Un tailleur de pierres était étendu à plat ventre sur une grande dalle de granit, à côté de moi, et gravait une inscription. Il avait des lunettes bleues et me rappela tout à coup une de mes connaissances que j’avais presque oubliée, un homme qui était employé dans une banque et que j’avais rencontré au café Oplandsk il y avait quelque temps.
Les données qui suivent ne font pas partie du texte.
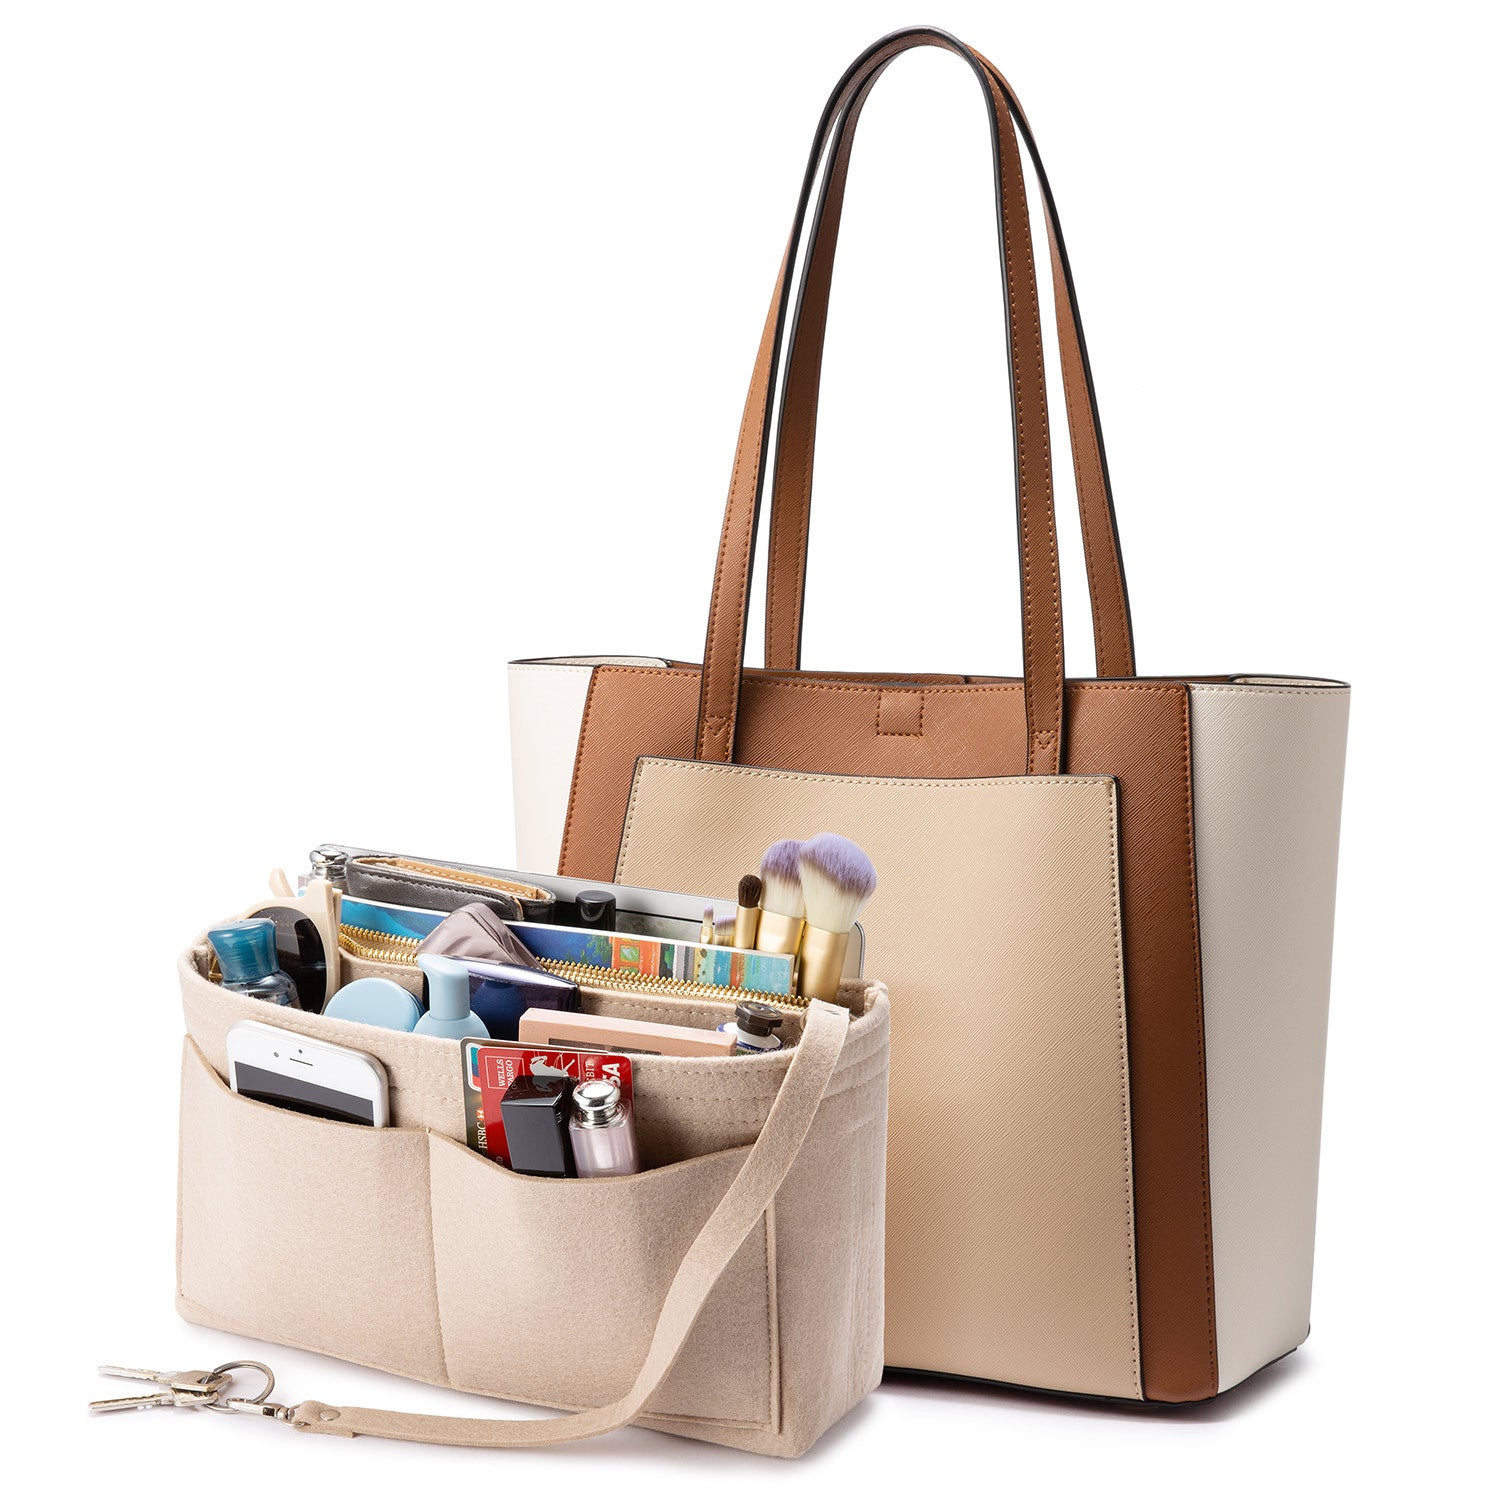 IVK Luxury Women's Brand Handheld Tote Bags Hot Selling Temperament Versatile Middle Aged Mom Bag

Si seulement je pouvais mettre bas toute honte et m’adresser à lui ! Lui dire toute la vérité : que ça n’allait vraiment pas fort en ce moment, que j’avais bien du mal à me tenir en vie ! Je pouvais lui donner mon carnet de coiffeur… Sacrebleu, mon carnet de coiffeur ! Des bons pour près d’une couronne ! Nerveusement, je cherche ce précieux trésor. Ne le trouvant pas assez vite à mon gré, je me mets sur pied d’un bond, cherche, une sueur d’angoisse au front, et finalement je le découvre dans le fond de ma poche de devant, avec d’autres papiers, blancs ou écrits, sans valeur. Je compte et recompte ces six billets, tantôt dans un sens, tantôt dans l’autre. Je n’en avais pas grand besoin. Ce pouvait être un caprice, une fantaisie qui m’avait pris, de ne plus me faire raser. Et j’étais à la tête d’une demi-couronne, une belle demi-couronne toute blanche, en argent de Kongsberg ! La banque fermait à six heures, je pouvais guetter mon homme devant l’Oplandsk entre sept et huit.
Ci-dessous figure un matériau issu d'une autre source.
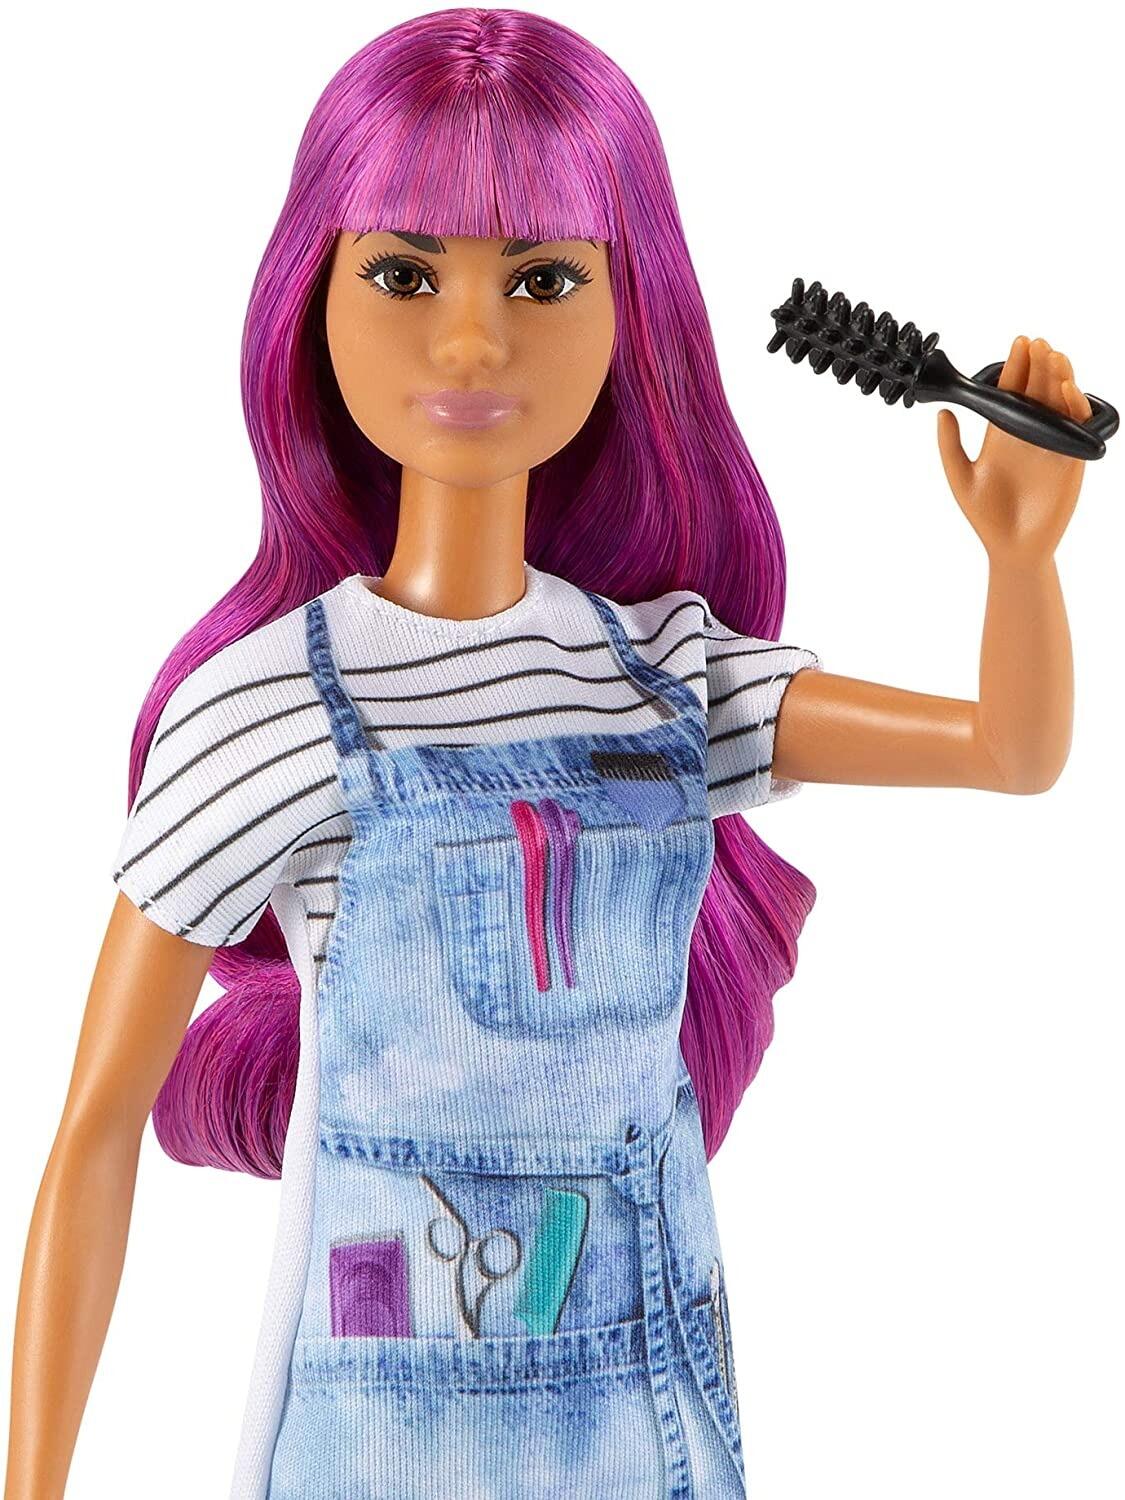 Barbie Careers Salon Stylist Barbie Doll

Pendant un long moment je me réjouis à cette idée. Le temps passait, le vent soufflait dru dans les marronniers autour de moi et le jour déclinait. N’était-ce pas un peu maigre aussi de venir tout de go offrir six bons de barbe à un jeune monsieur qui était employé dans une banque ? Il avait peut-être en poche deux carnets tout pleins de billets bien autrement chics et propres que les miens, on ne peut jamais savoir. Et je tâtai toutes mes poches, à la recherche de quelque autre chose à joindre au carnet, mais je ne trouvai rien. Si je pouvais seulement lui offrir ma cravate ? Je pouvais très bien m’en passer, à condition de boutonner jusqu’au cou ma jaquette, ce que j’étais malgré tout obligé de faire, puisque je n’avais plus de gilet. Je dénouai ma cravate, un grand plastron qui me cachait la moitié de la poitrine, l’époussetai avec soin et l’enveloppai dans une feuille de papier blanc avec le carnet du coiffeur. Puis je quittai le cimetière et descendis à l’Oplandsk.
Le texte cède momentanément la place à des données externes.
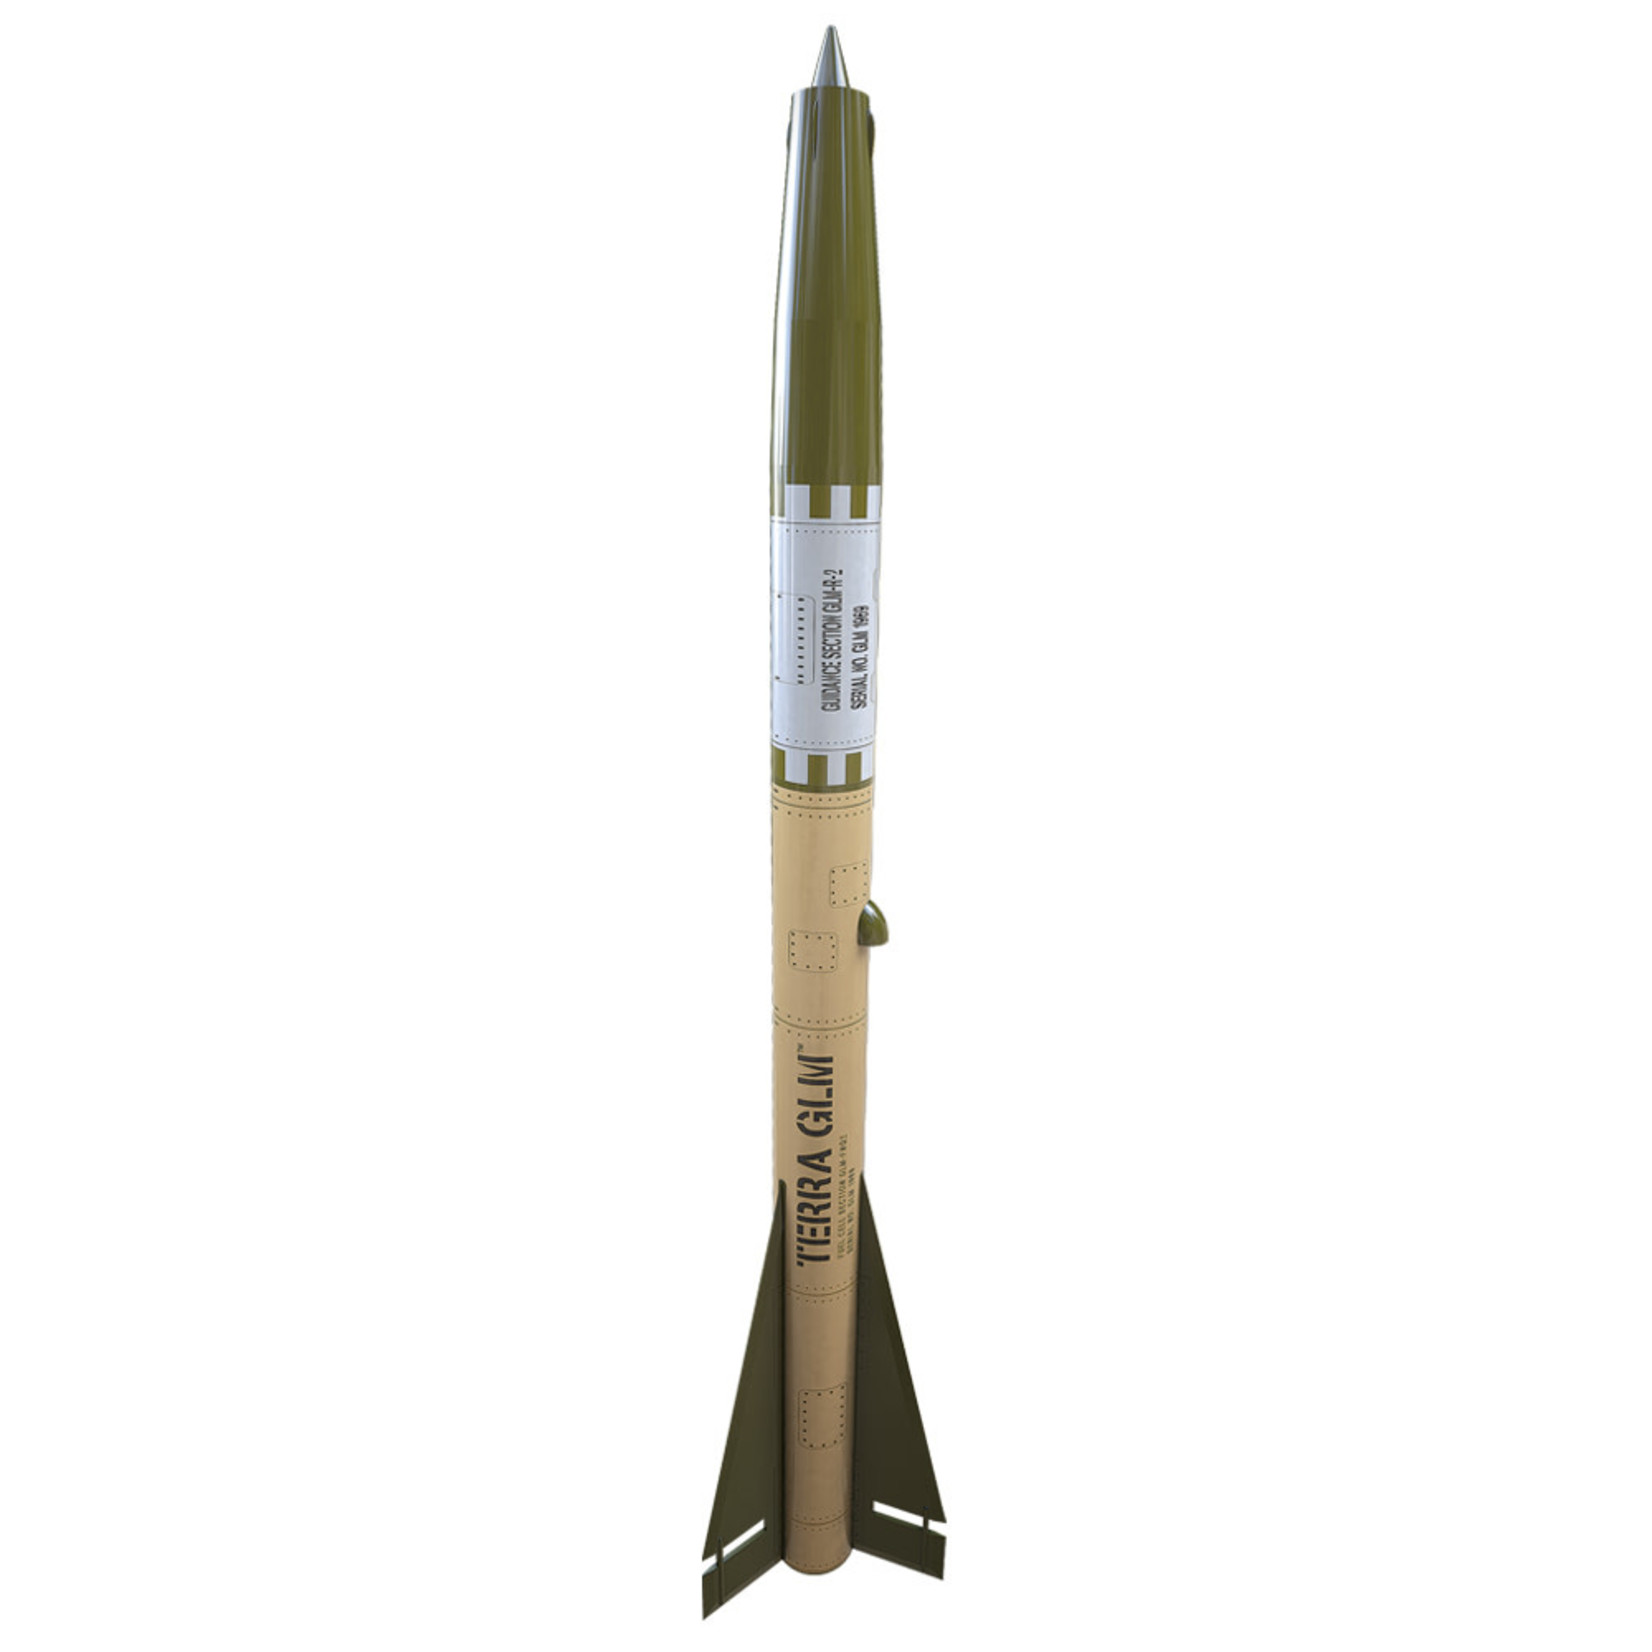 EST Terra GLM Beginner rocket kit

Il était sept heures au dépôt. Je me promenai dans le voisinage du café, flânai de long en large devant la grille de fer en guettant avec attention, soumettant à un contrôle sévère les entrants et les sortants. Enfin, vers huit heures, je vis le jeune homme, frais et élégant, monter la rue et traverser, se dirigeant vers la porte du café. En l’apercevant, mon cœur bondit dans ma poitrine comme un petit oiseau et je lui courus sus sans même le saluer.

« Une demi-couronne, vieil ami ! dis-je, et faisant l’effronté : voici les valeurs ! Et je lui fourrai le petit paquet dans la main.

— Je ne l’ai pas ! dit-il, Dieu m’est témoin que je ne l’ai pas ! » Et il retourna sa bourse sous mes yeux. « J’ai vadrouillé hier soir, et j’ai été lavé.